On Tuesday, Judge Aileen Cannon, of the Southern District of Florida, said that she simply does not know when Donald Trump will go to trial in her courtroom. Jack Smith, the special counsel, had charged Trump with thirty-two counts under the Espionage Act, for allegedly hoarding national-security documents at Mar-a-Lago, and with another eight counts involving obstruction and false statements. The trial had tentatively been set for May 20th. Now, following Judge Cannon’s order, the prosecutors will have to hope for an update at a “status conference” hearing on July 22nd—which, as it happens, is four days after the Republican National Convention, where Trump will almost certainly get his party’s formal Presidential nomination, wraps up in Milwaukee. Cannon, in her order, said in effect that the whole business of the case has become much too complicated to proceed sooner. Unfortunately, for many reasons—not all of them under Cannon’s control—that may, indeed, be true.

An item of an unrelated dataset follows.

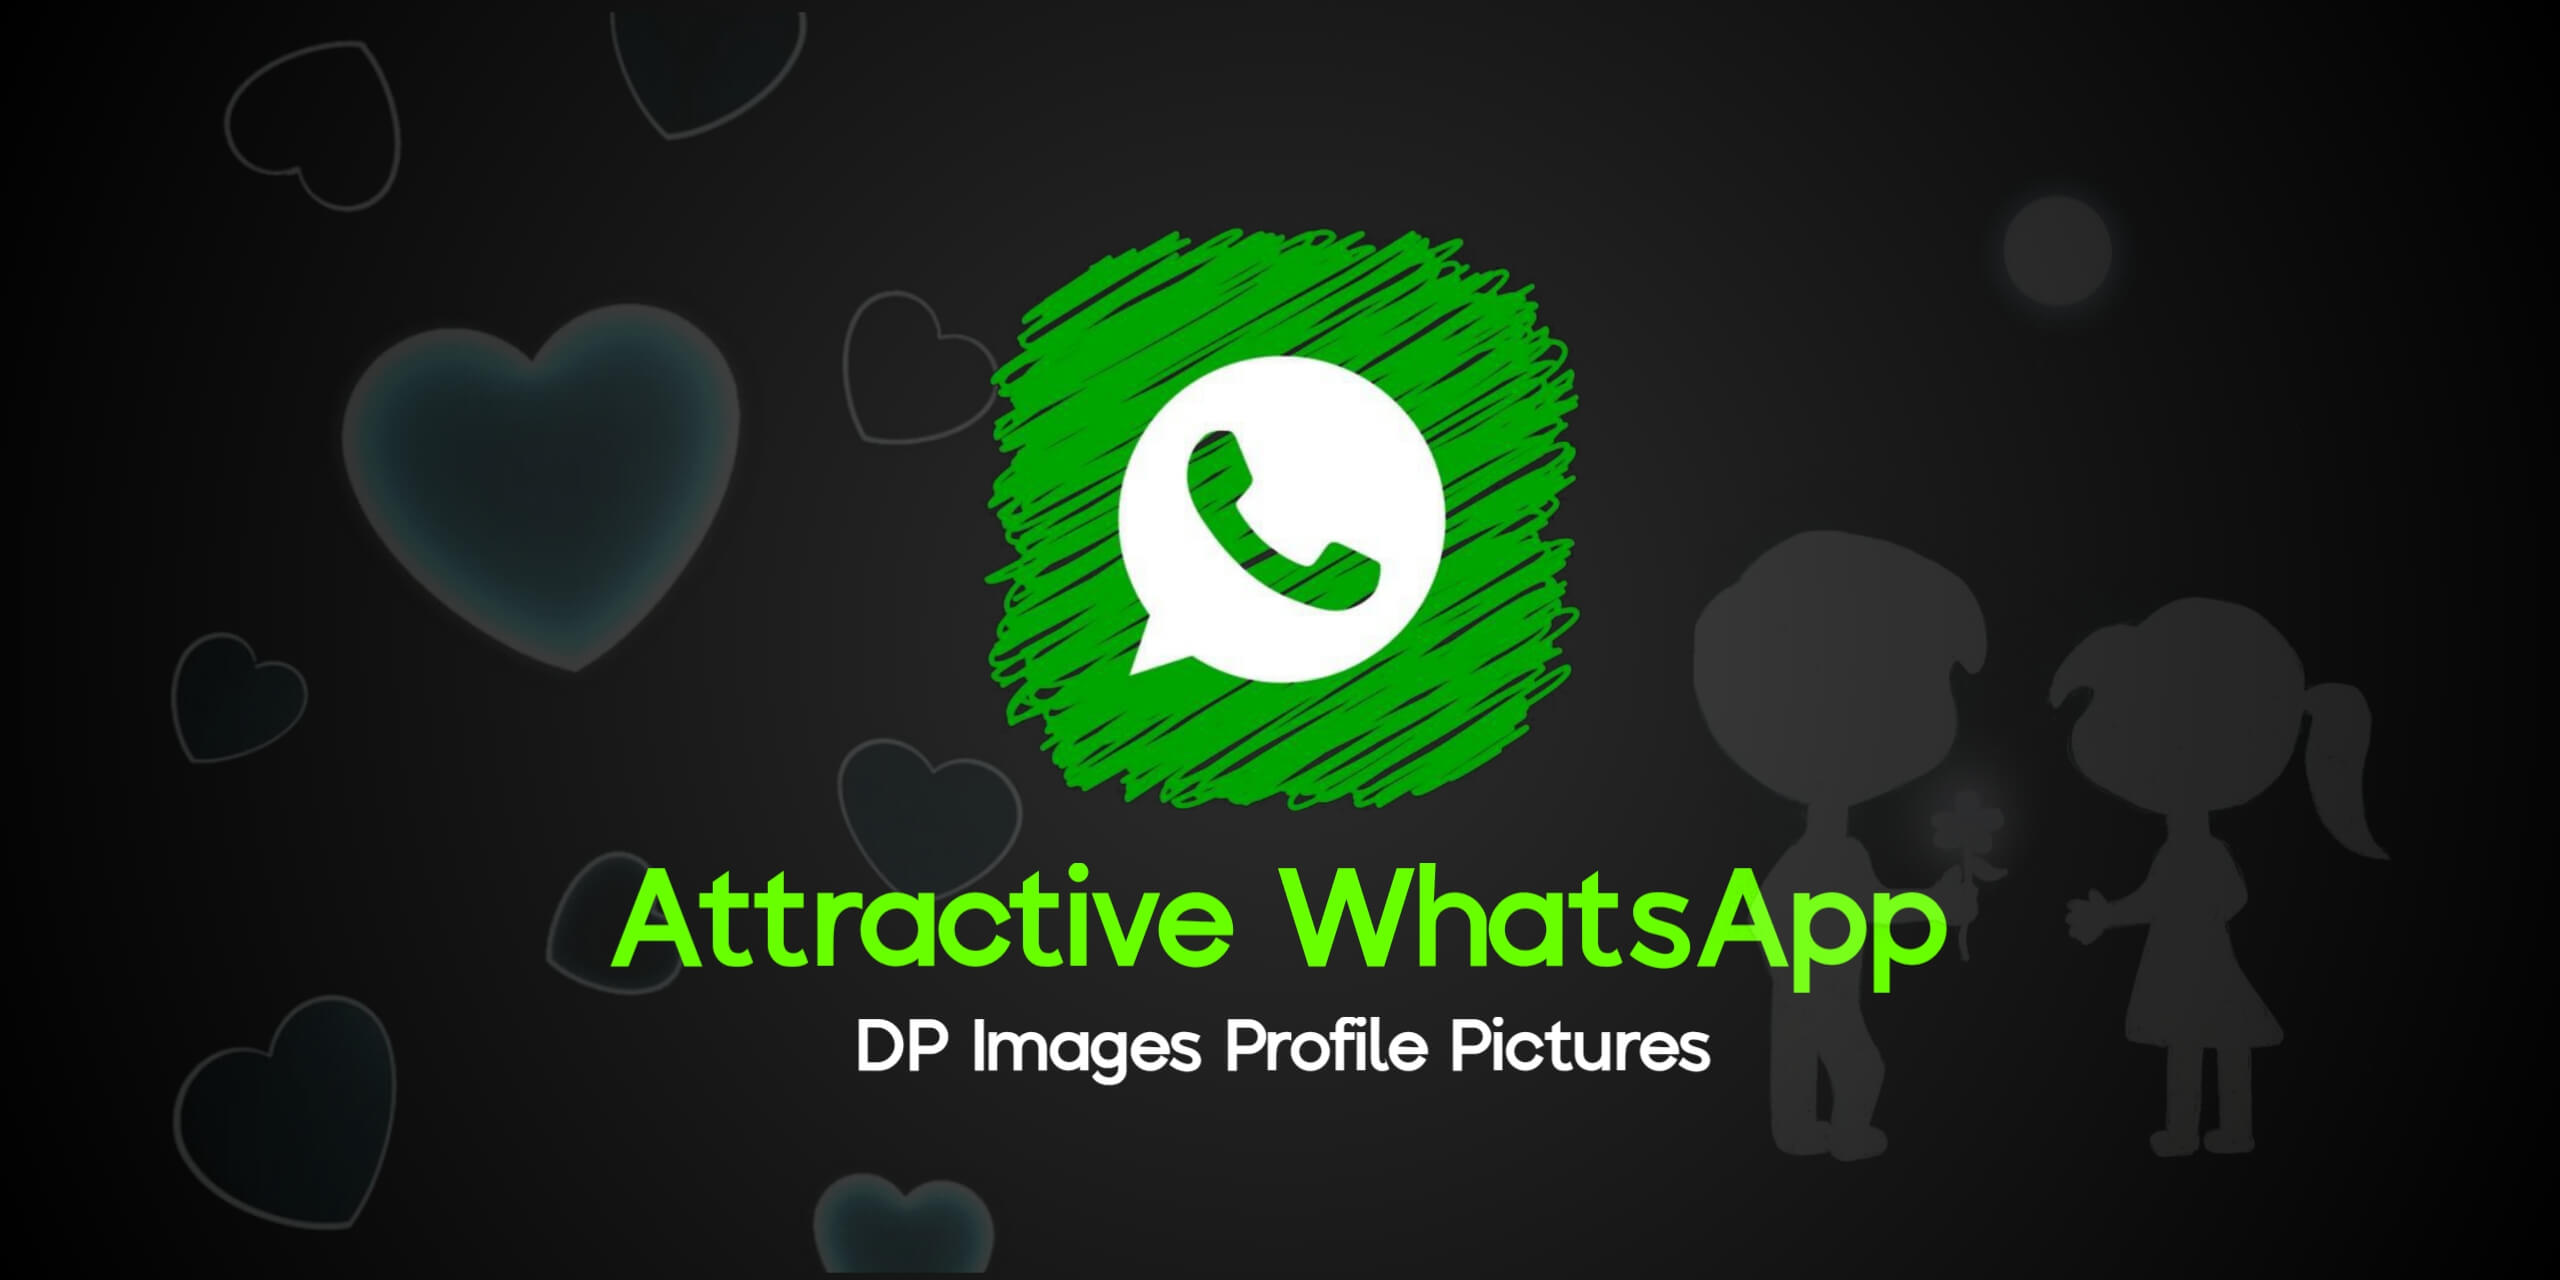 Attractive WhatsApp DP

There were, Cannon said, “myriad and interconnected” unresolved issues and “novel and difficult questions,” which made it “imprudent” to proceed sooner. For Smith’s team, these supposed mysteries might be boiled down to a couple of simple questions: Why can’t Cannon just move faster? Why won’t she shut Trump down, when he clearly wants delay for delay’s sake? (If Trump wins the election, he might kill the case.) “Each time the Court sets a new deadline in this case and attempts to keep it moving toward trial, the defendants reflexively ask for an adjournment,” the prosecutors wrote in a filing a few weeks ago. “That must stop.”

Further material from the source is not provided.